Transcription, the first step of gene expression, is carried out by DNA-dependent RNA polymerases (RNAPs). RNAP catalyzes processive polymerization of RNA messages from NTP precursors by using one strand of DNA as a template. Although the reaction is similar to DNA polymerization (catalyzed by DNA polymerases), important differences exist. First, RNAPs are able to initiate synthesis of RNA from a nucleoside triphosphate, i.e., they do not require oligonucleotide primers. Second, the newly synthesized RNA chain is displaced normally from the DNA template. Thus, during transcription, the DNA strands are separated only in a short region around the catalytic center of the enzyme, the so-called transcription bubble. Because Watson–Crick interactions are required for template-dependent RNA synthesis, a transient RNA⋅DNA hybrid should exist inside the transcription bubble.
After promoter-complex formation, all RNAPs undergo abortive initiation–a catalytic synthesis of short, 2- to 8-nt-long, RNA oligomers that are rapidly synthesized and released from the complex. When the nascent RNA chain reaches a critical length of about 9 bases, it becomes stably associated with the transcription complex. RNAP then clears the promoter and elongates the nascent RNA chain in a fully processive manner. Despite its tight grip on nucleic acids, the elongating RNAP moves rapidly along the DNA and RNA chains until it encounters a termination signal, which typically consists of an RNA hairpin followed by a run of uridines. At such sites, RNAP transiently pauses, the stability of the elongation complex suddenly decreases, and the enzyme releases nucleic acids. The enzyme is now available to initiate transcription from promoters again.

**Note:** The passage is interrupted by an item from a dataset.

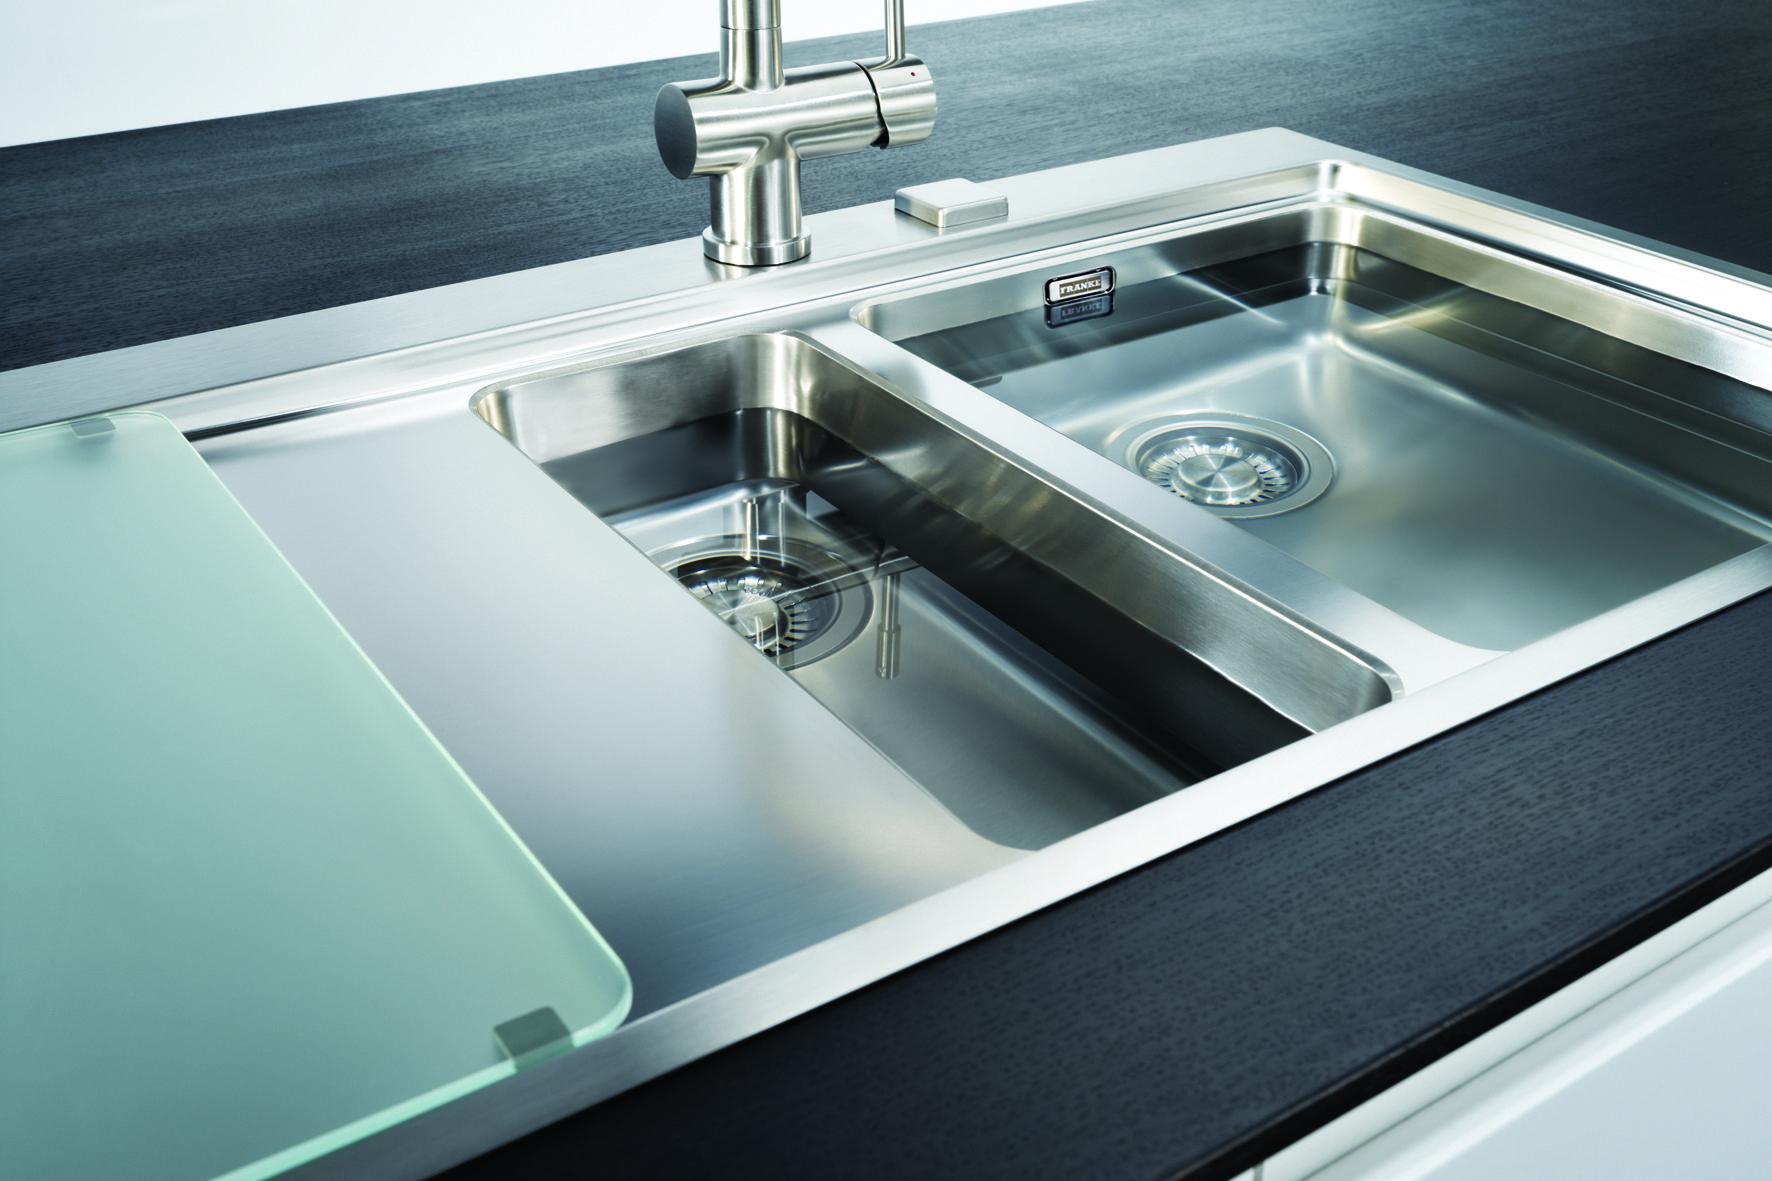 Franke sink- inspirational design | Kitchen sink taps, Sink ...
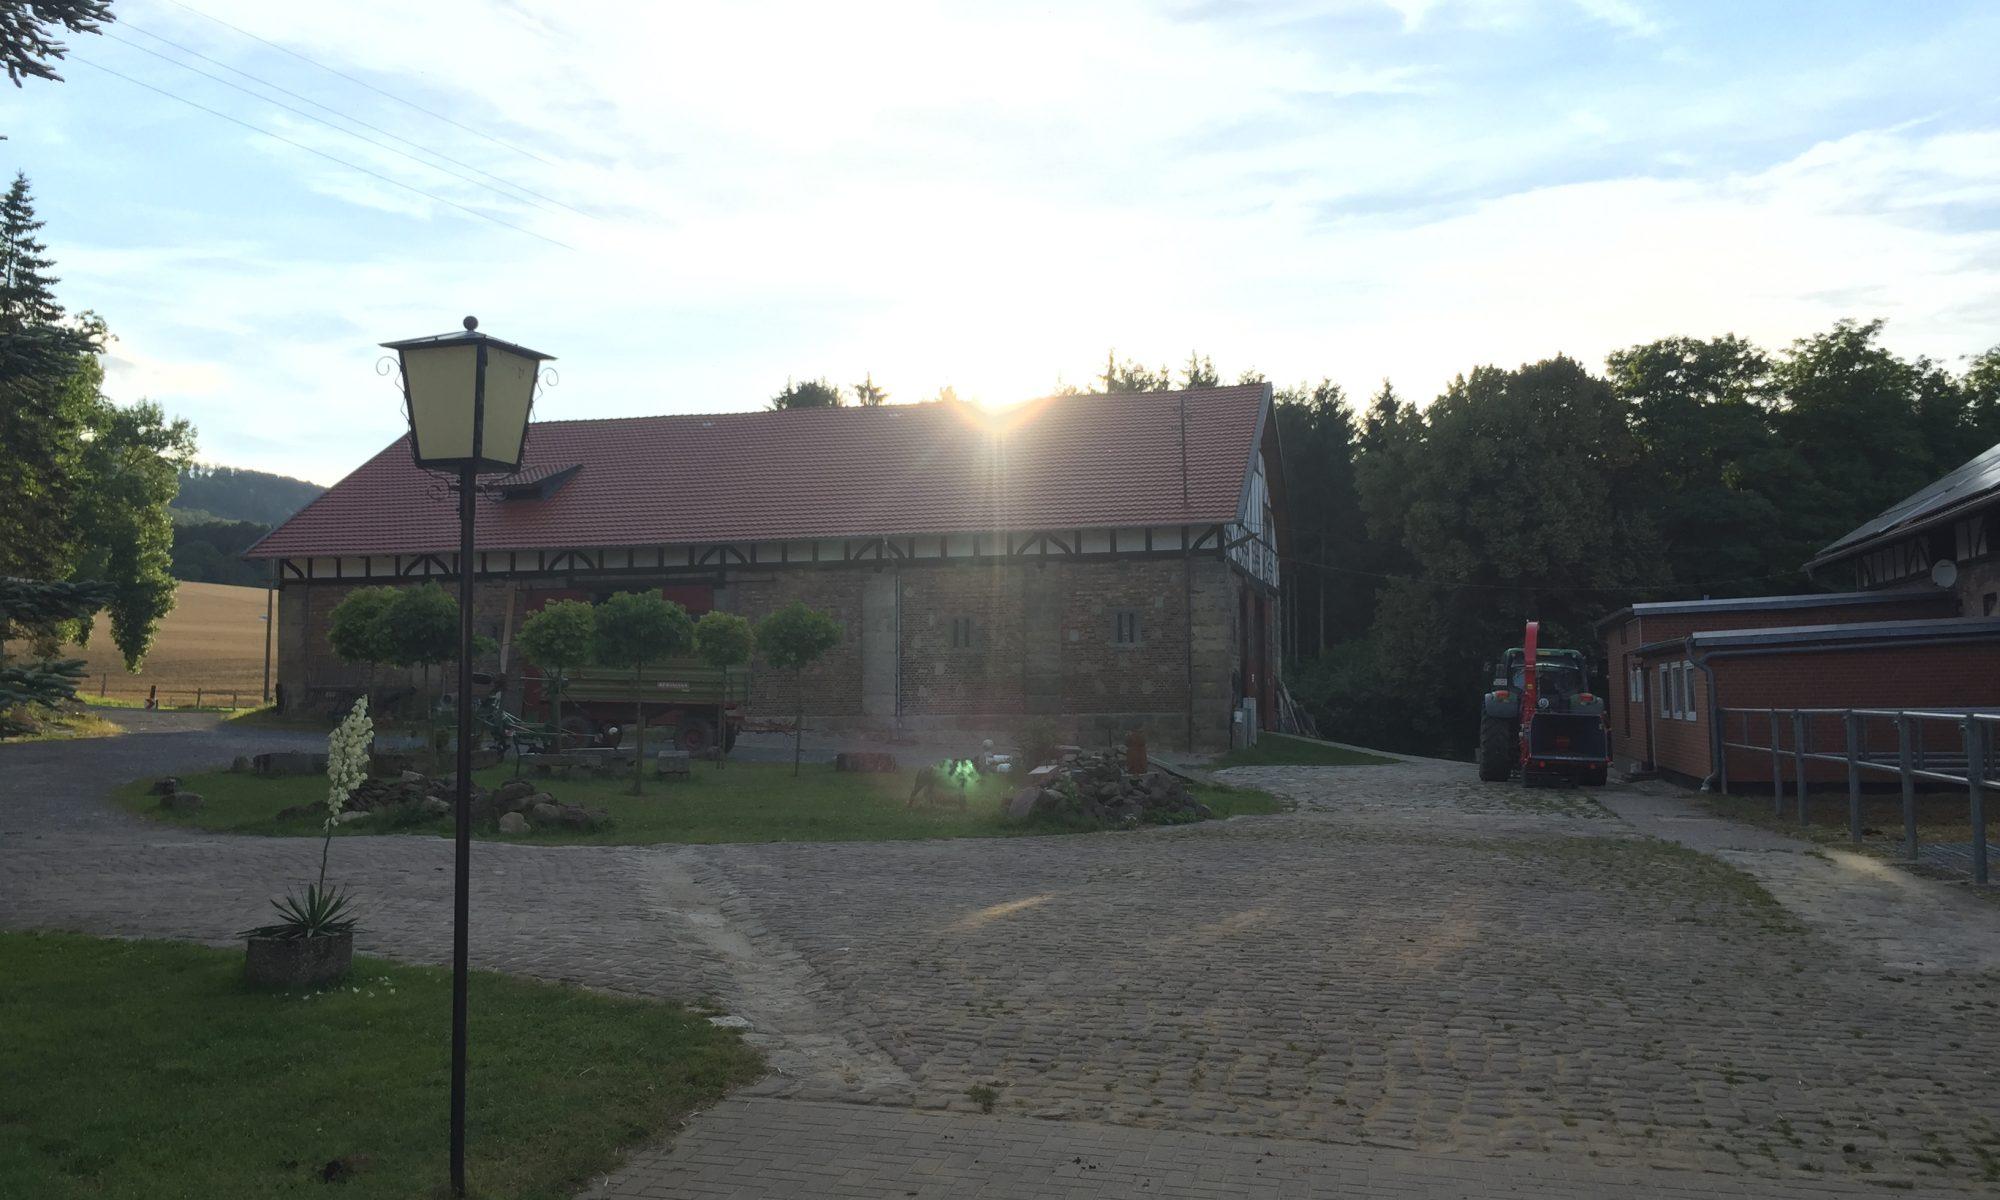 Rittergut Esbeck

The molecular determinants of transcription-complex stability and processivity are understood poorly. Several competing mechanistic models of RNAP function have been proposed in recent years. Much of the controversy centered around the length of RNA⋅DNA hybrid and its role (or lack thereof) in transcription. If the hybrid were relatively long, say, 8–9 base pairs, then the relative instability of the initial transcribing complex and the complex paused at a terminator could be explained by suboptimal hybrid length (refs. 1 and 2; Fig. 1). Conversely, the establishment of a full-length hybrid could explain the stabilization of the nascent RNA in transcription complex during promoter clearance. In contrast, if the hybrid remains short (less than 3 base pairs) throughout elongation, then complex stability should be determined primarily by the strength of the protein-nucleic acid interactions and/or conformational changes (refs. 2 and 3; Fig. 1). Establishment of the actual length of the hybrid might contribute also to our understanding of mechanisms of action of regulatory factors that modulate the rates of abortive initiation and promoter escape and the efficiency of transcription termination.
Figure 1.
Comparison of short (Upper) and long (Lower) RNA⋅DNA hybrid models of transcription complex. The stabilization of RNA (red) in the ternary transcription results from protein–RNA contacts (Upper) or is caused primarily by the establishment of full-length RNA⋅DNA hybrids (Lower). The crystal structure of transcribing T7 RNAP (12) looks like the schematic structure (Upper Left). Temiakov et al. (15) present data that the elongating T7 RNAP–transcription complex looks like the structure presented (Bottom Center) and, thus, is similar to the Escherichia coli RNAP (7). It is suggested that the structure (Upper Center) may correspond to transcription complex engaged in unproductive reiterative slippage synthesis.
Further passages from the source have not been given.